Sam stares at me, wide eyed. “You remember when I said yes to him?”
I pause for a moment, realizing what I’d said.
That’s when the color floods back.
Chapter 15: Scarlet
Thank you guys so much for your support and continued reading! Getting comments really makes my day and motivates me to continue! I love you guys!
I watched numbly as the blood finally slowed. Sam took my hand and I turned away from the gore and toward him, pressing my forehead and hands to his chest. I inhaled deeply, trying to ignore the sickening thud and the crack of bones as Dean and Cas dropped the fifth demon to the floor and carried it outside.
Sam's face was in my hair, his arms wrapped around me. I could feel and hear his deep breaths, making his chest rise and fall beneath my palms. It felt like we were both trying to commit the other to memory. I hear him swallow a throat of tears.
I pulled back from his chest to search his eyes. There, twisted into his hazel irises, was everything he wasn't saying. Doubt, fear, sadness, anticipation, regret. I reached up rested my hand in the crook of his neck. His face softened and he pulled my body against his, resting his cheek on the crown of my head. We stayed like that for an immeasurable amount of time.
“Y/N,” Sam said it so quietly I thought I'd imagined it.
I looked up at him in confusion. “What?”
“I- don't know how to say this…” he trailed off.
I stopped him. "Don't." His body tensed, so I continued. "Don't you dare say goodbye."
He relaxed. “I’ m not going to, I promise.”
“Good.” I touched my forehead back to his chest.
“Guys!” Dean’s voice called from outside. “There ain’t no time for making babies!”
Sam and I sighed in unison. He kissed the top of my head and murmured, “I guess we should go.”
“No, not yet,” I said impulsively. I brought one hand to the side of his face and stood on my toes as I gently guided his lips to mine. Simultaneously, I felt peace and every individual nerve in my body caught fire. His lips were soft and eager, and I craved every part of them. His scent invaded my nostrils and I welcomed it. Pine and cinnamon flooded over me, coupled with the feel of his stubble against my chin. Yet for his intoxicating enthusiasm, he was incredibly gentle, his hands on my waist pulling me toward him. We moved together as if we’d done it a thousand times, and too soon, he pulled away.
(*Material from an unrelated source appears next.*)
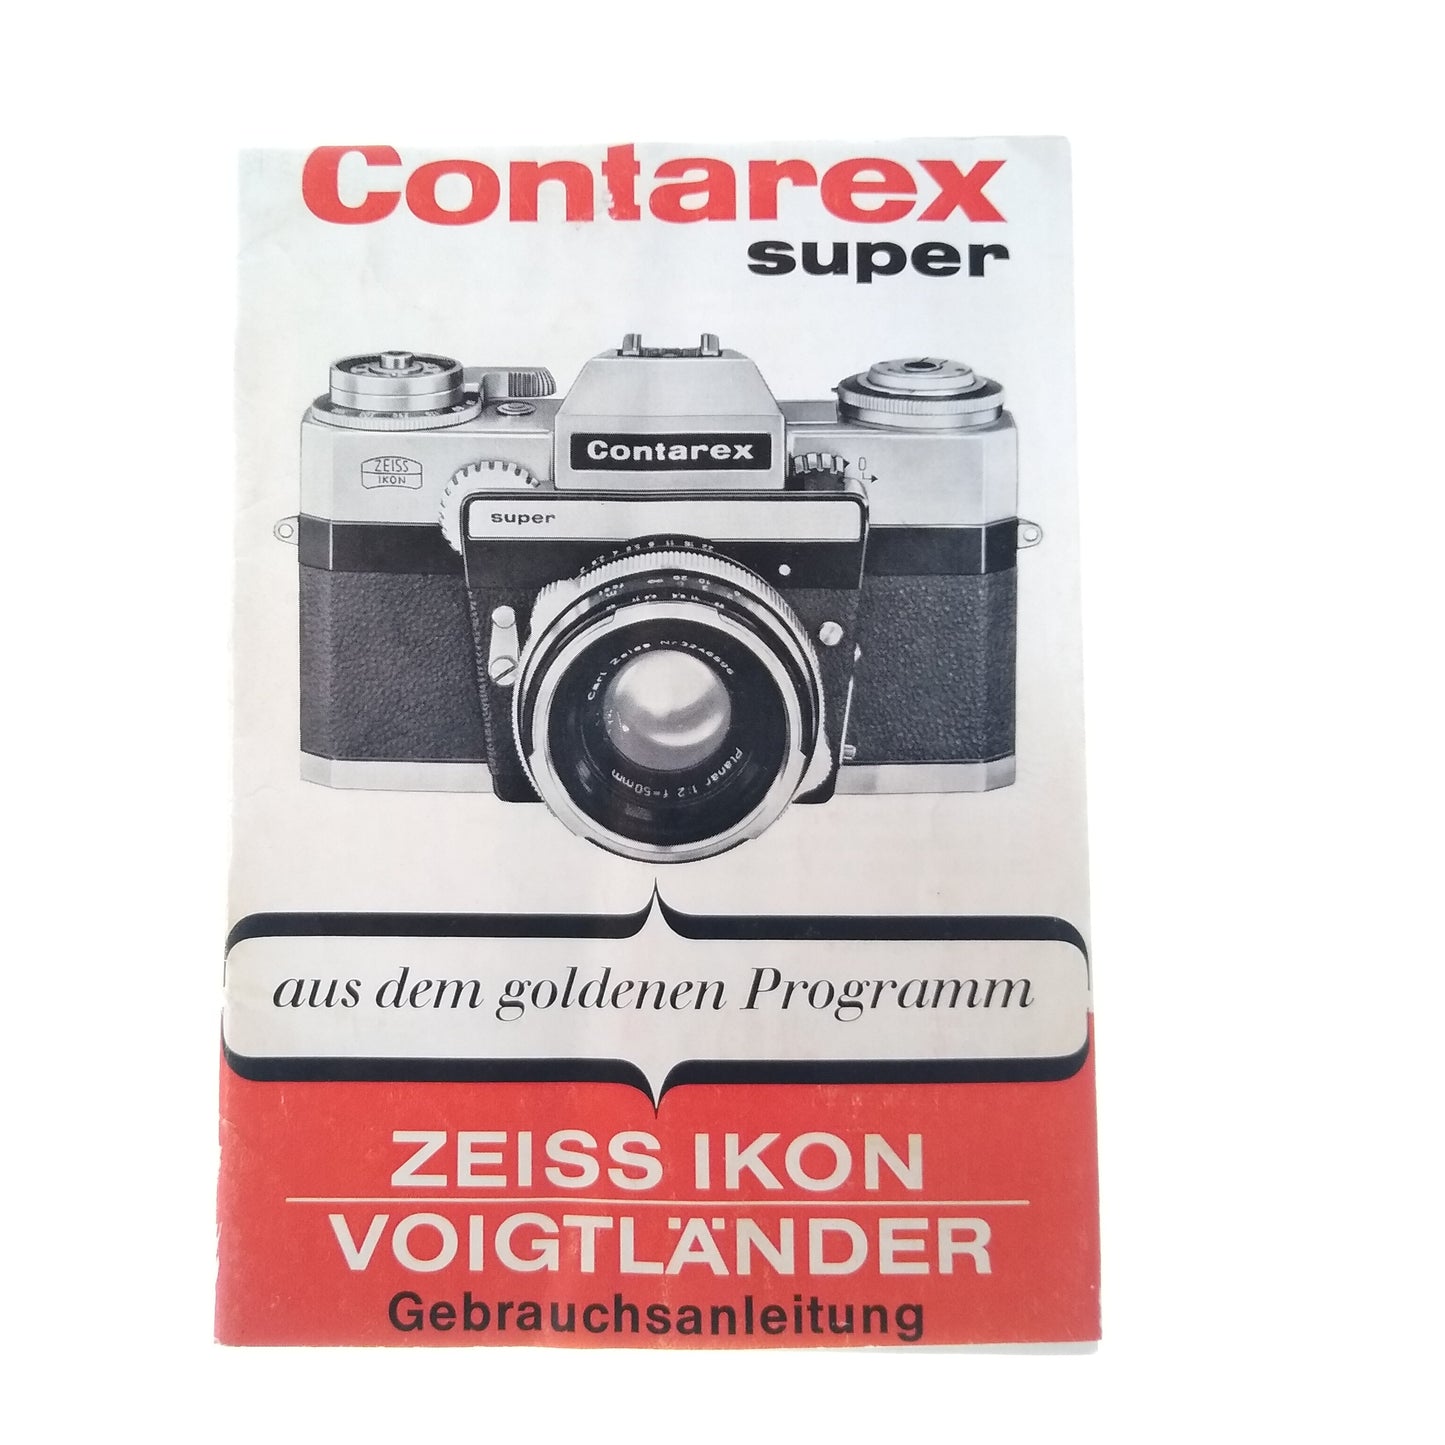 Contarex Super Instruction Manual (German).

He didn’t look at me, but he cradled the back of my head and pressed his forehead to mine. “Thank you,” he breathed.
“Any time,” I whispered.
After a reluctant moment, we left the warehouse.
I was almost asleep in the back of the impala leaning on Cas’s shoulder. The sun had just set and the first stars were starting to poke through the twilight haze of the sky. Cas’s head was rested against the window and he was far from conscious. My eyes were closed and the purr of the engine lulled me.
Dean’s voice startled me to the point of alertness, but not enough to open my eyes. “Aw, ain’t he a little angel?”
The leather of the front seat scrunched and Sam replied, “Angels don’t sleep.”
It was quiet for a minute.
“Sam, I got a bad feeling about this,” Dean said warily.
“Well, you’d be nuts to have a good feeling about it.”
“you know what I mean. Detroit. He always said he’d jump your bones in Detroit, and here we are.”
“Here we are,” Sam agreed.
“Maybe this is him rolling out the red carpet, you know? Maybe he knows something we don’t.”
“Dean, I'm sure he knows a buttload we don't. We just got to hope he doesn't know about the rings.” He paused. “Hey, um... on the subject, there's something I got to talk to you about.”
“This thing goes our way and I triple lindy into that box, you know I'm not coming back,” Sam said solemnly.
“Yeah, I'm aware.”
“So you got to promise me something.”
“Okay. Yeah. Anything,” Dean said without an ounce of hesitation.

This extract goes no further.